■ **TASK MATERIAL**
▽

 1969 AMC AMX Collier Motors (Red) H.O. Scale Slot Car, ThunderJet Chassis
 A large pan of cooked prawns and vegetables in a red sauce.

△
▽

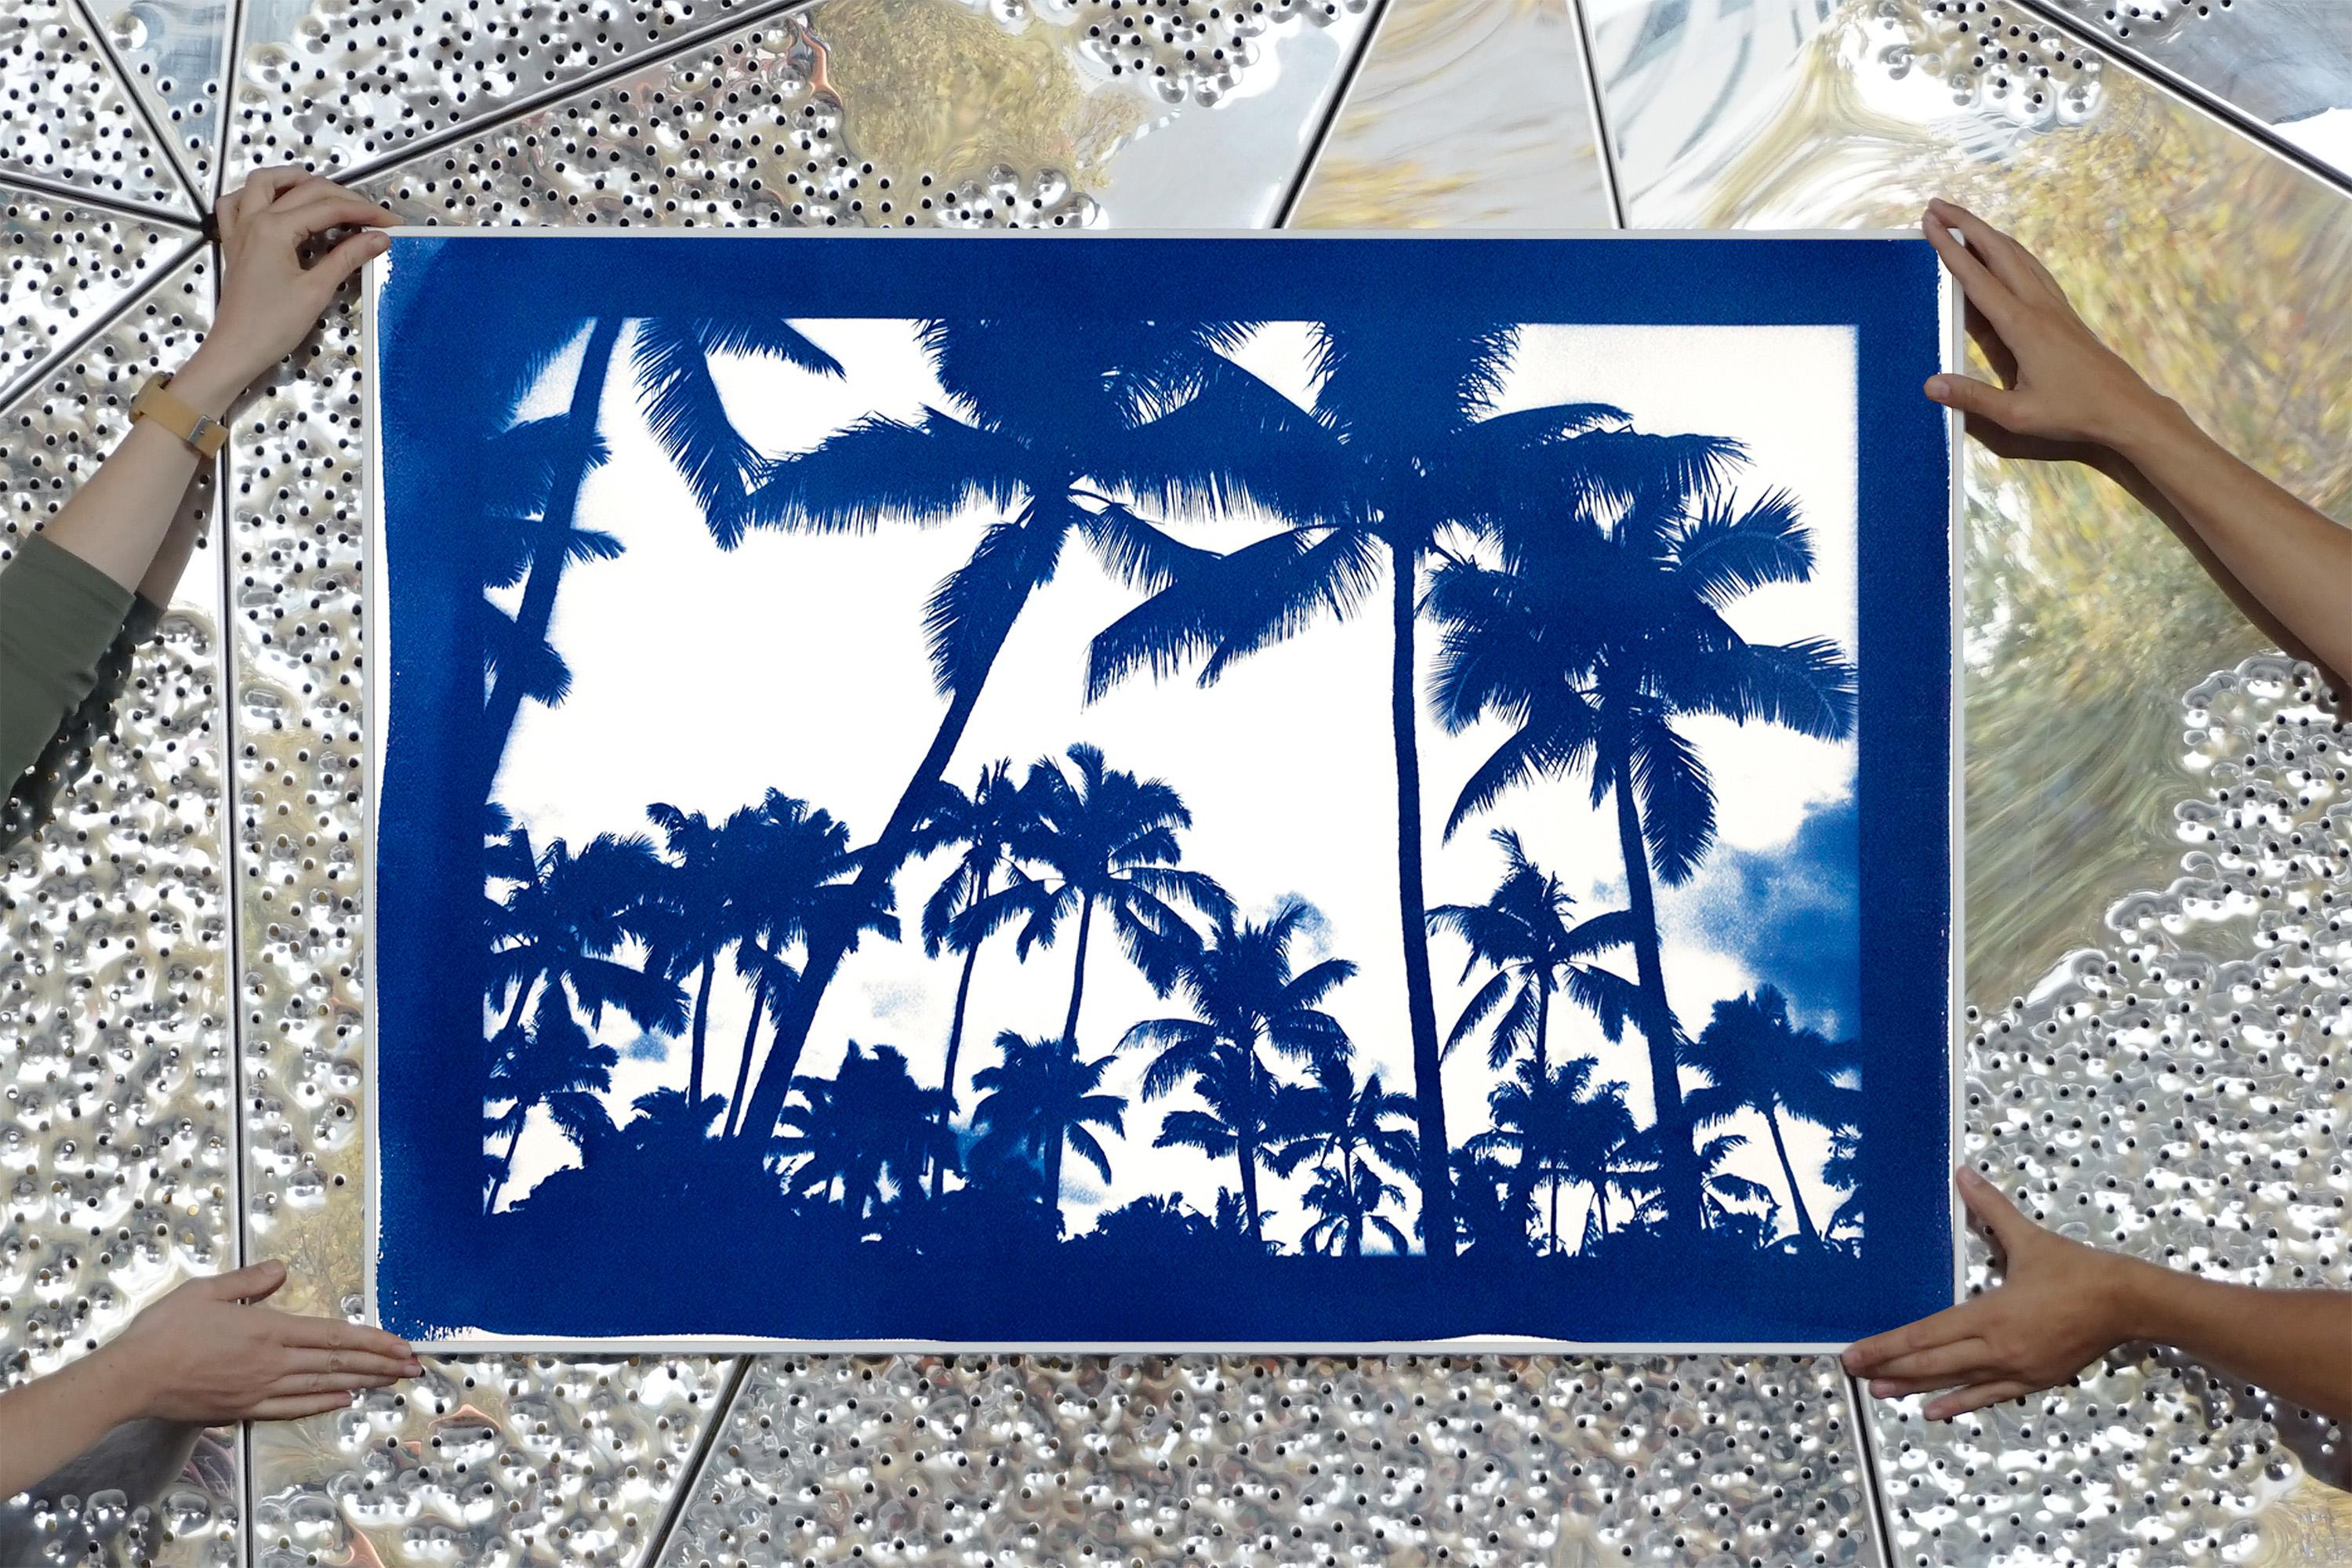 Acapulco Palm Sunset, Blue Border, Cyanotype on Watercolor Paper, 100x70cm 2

△
▽

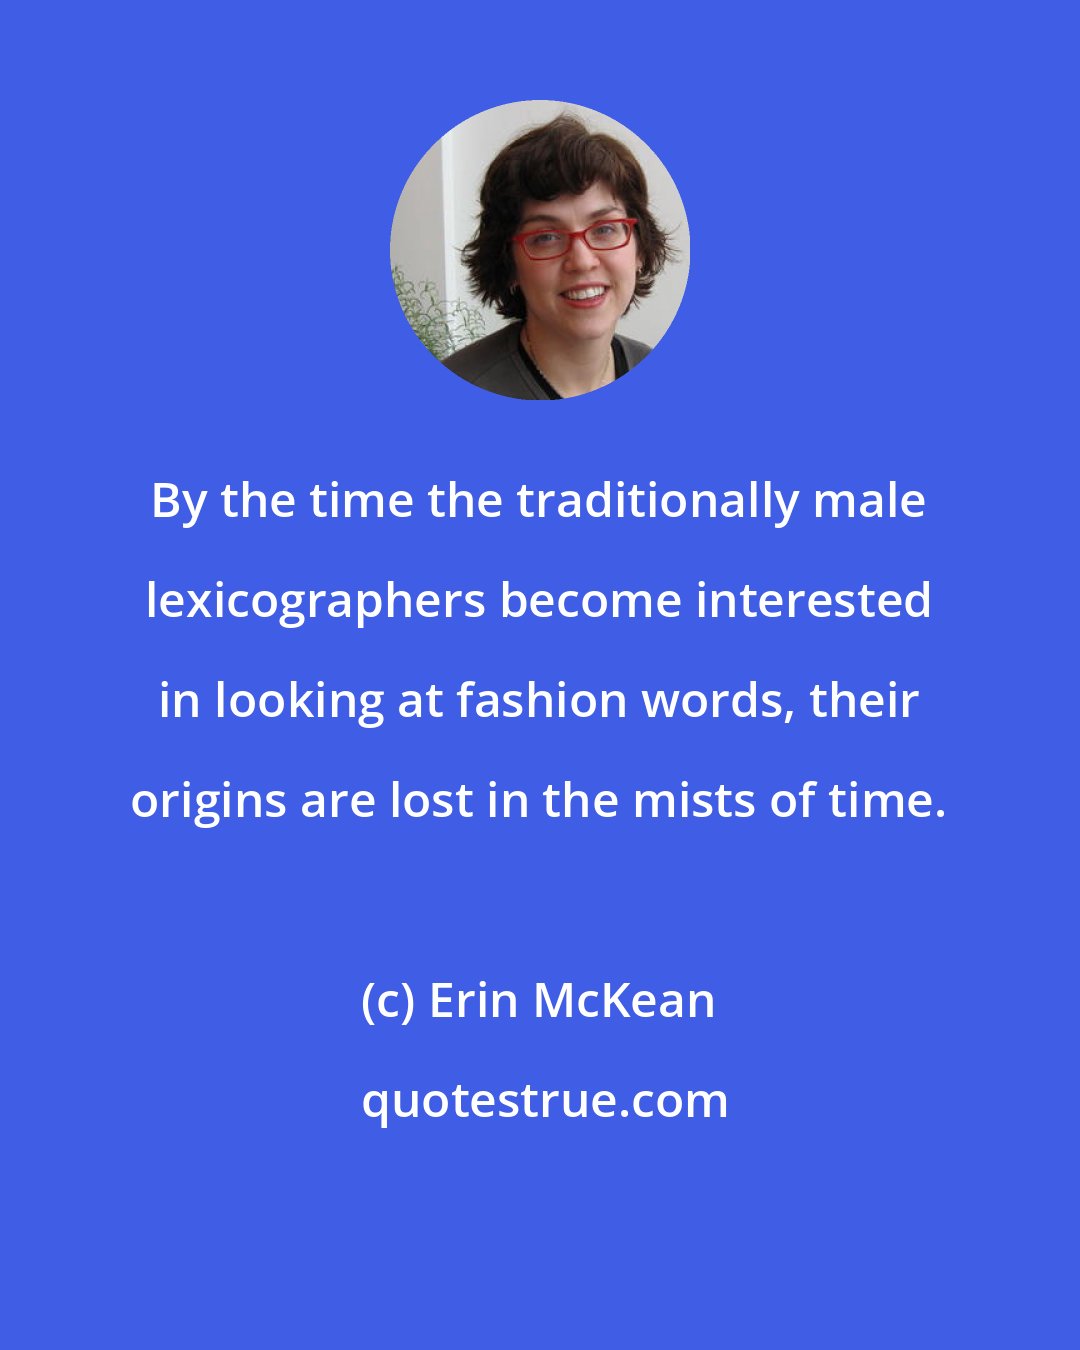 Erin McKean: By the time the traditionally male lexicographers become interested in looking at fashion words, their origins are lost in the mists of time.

△

■ **WHAT IS EXPECTED**
What you give back should be only the lines of the records above, starting at the line with "1969 AMC AMX" and ending at the line with "A large pan", restated word for word.

■ **TASK RESPONSE**
 1969 AMC AMX Collier Motors (Red) H.O. Scale Slot Car, ThunderJet Chassis
 A large pan of cooked prawns and vegetables in a red sauce.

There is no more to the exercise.